This paper presents the results obtained from the study of the sustainable state between nature and human society on a global scale, focusing on the most critical interactions between the natural and anthropogenic processes. Apart from the conventional global models, the basic tool employed herein is the newly proposed complex model entitled “nature-society system (NSS) model”, through which a reliable modeling of the processes taking place in the global climate-nature-society system (CNSS) is achieved. This universal tool is mainly based on the information technology that allows the adaptive conformance of the parametric and functional space of this model. The structure of this model includes the global biogeochemical cycles, the hydrological cycle, the demographic processes and a simple climate model. In this model, the survivability indicator is used as a criterion for the survival of humanity, which defines a trend in the dynamics of the total biomass of the biosphere, taking into account the trends of the biocomplexity dynamics of the land and hydrosphere ecosystems.

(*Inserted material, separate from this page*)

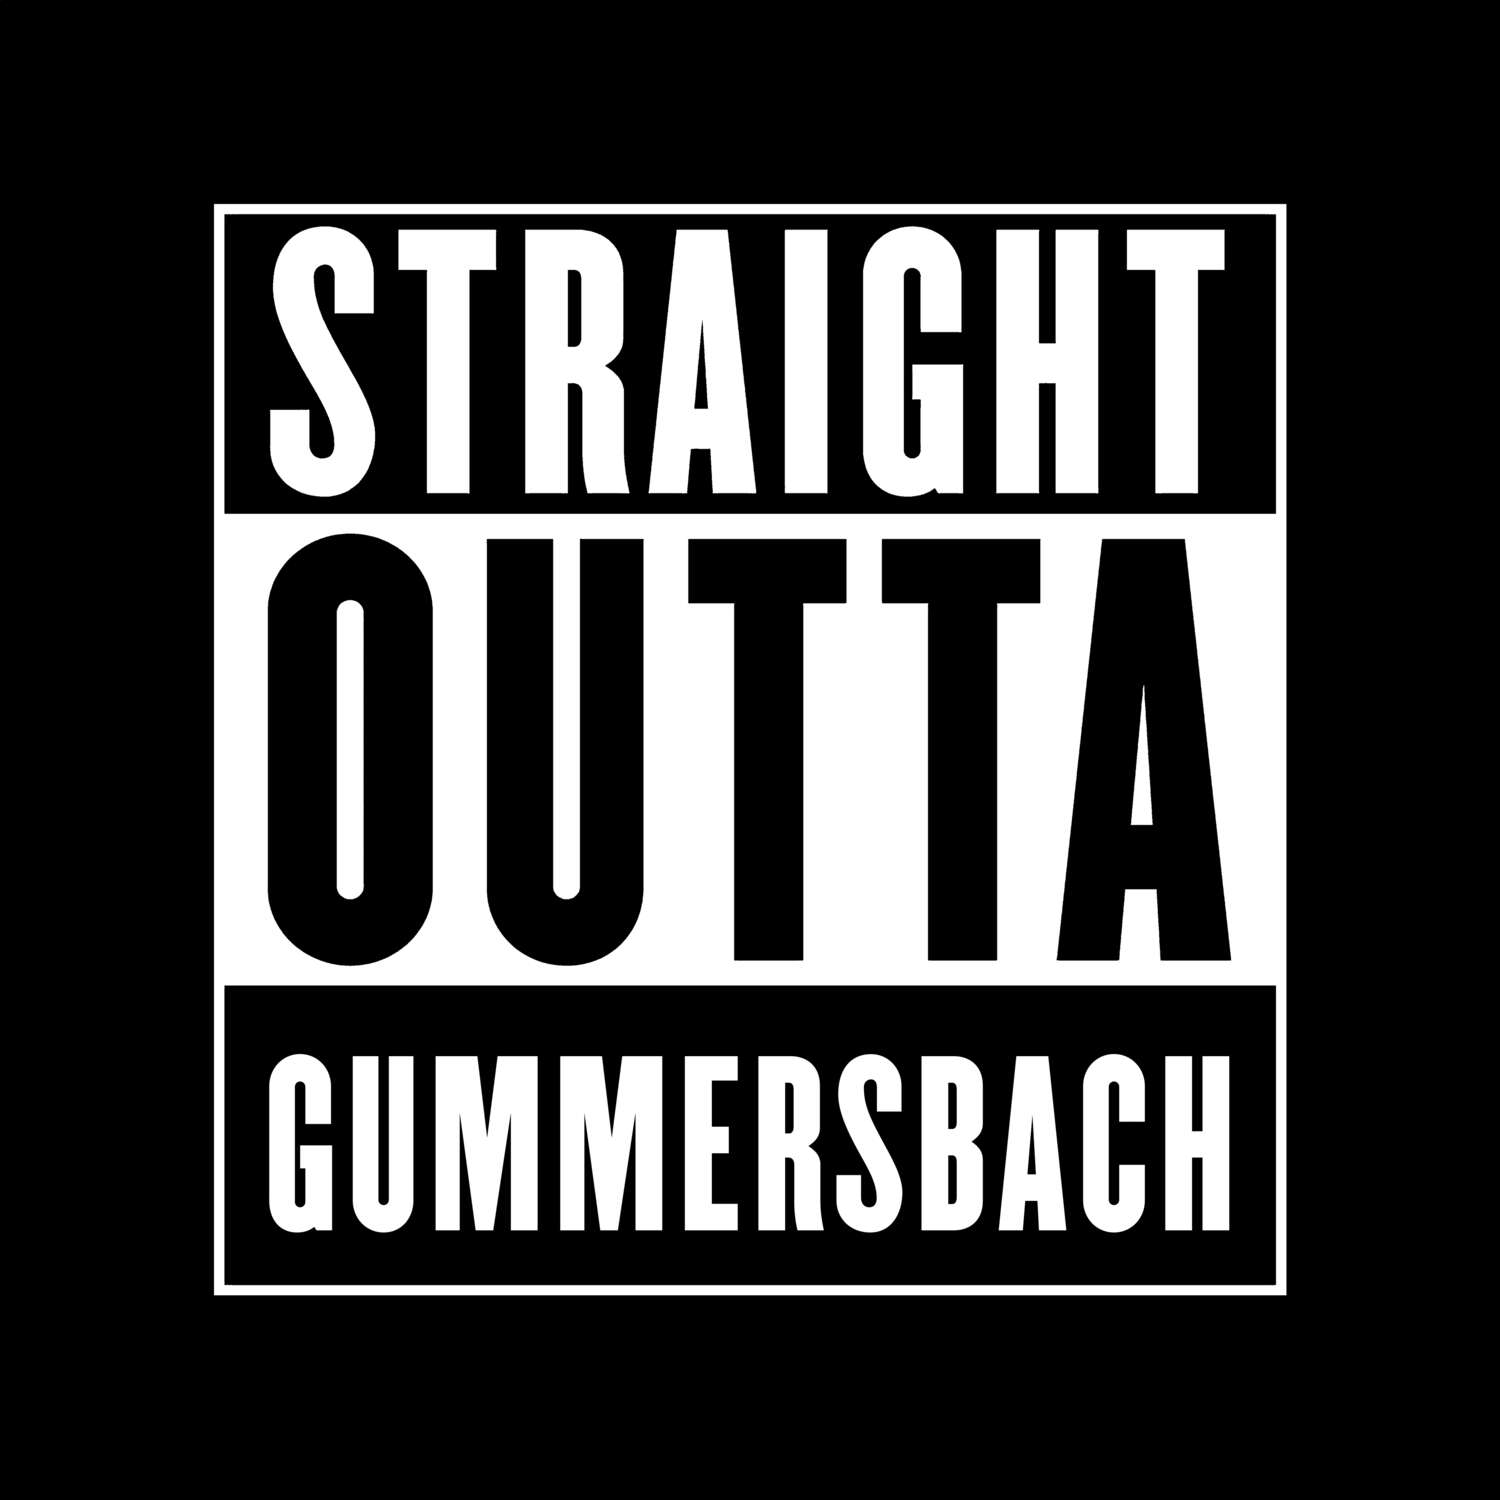 Gummersbach T-Shirt »Straight Outta«

It should be stressed that there are no other complex global models comparable to those of the CNSS model developed here. The potential of this global model is demonstrated through specific examples in which the classification of the terrestrial ecosystem is accomplished by separating 30 soil-plant formations for geographic pixels 4° × 5°. In addition, humanity is considered to be represented by three groups of economic development status (high, transition, developing) and the World Ocean is parameterized by three latitude zones (low, middle, high). The modelling results obtained show the dynamics of the CNSS at the beginning of the 23rd century, according to which the world population can reach the level of 14 billion without the occurrence of major negative impacts.

Suggested Citation

  • Vladimir F. Krapivin & Costas A. Varotsos & Vladimir Yu. Soldatov, 2017. "The Earth’s Population Can Reach 14 Billion in the 23rd Century without Significant Adverse Effects on Survivability," IJERPH, MDPI, vol. 14(8), pages 1-19, August.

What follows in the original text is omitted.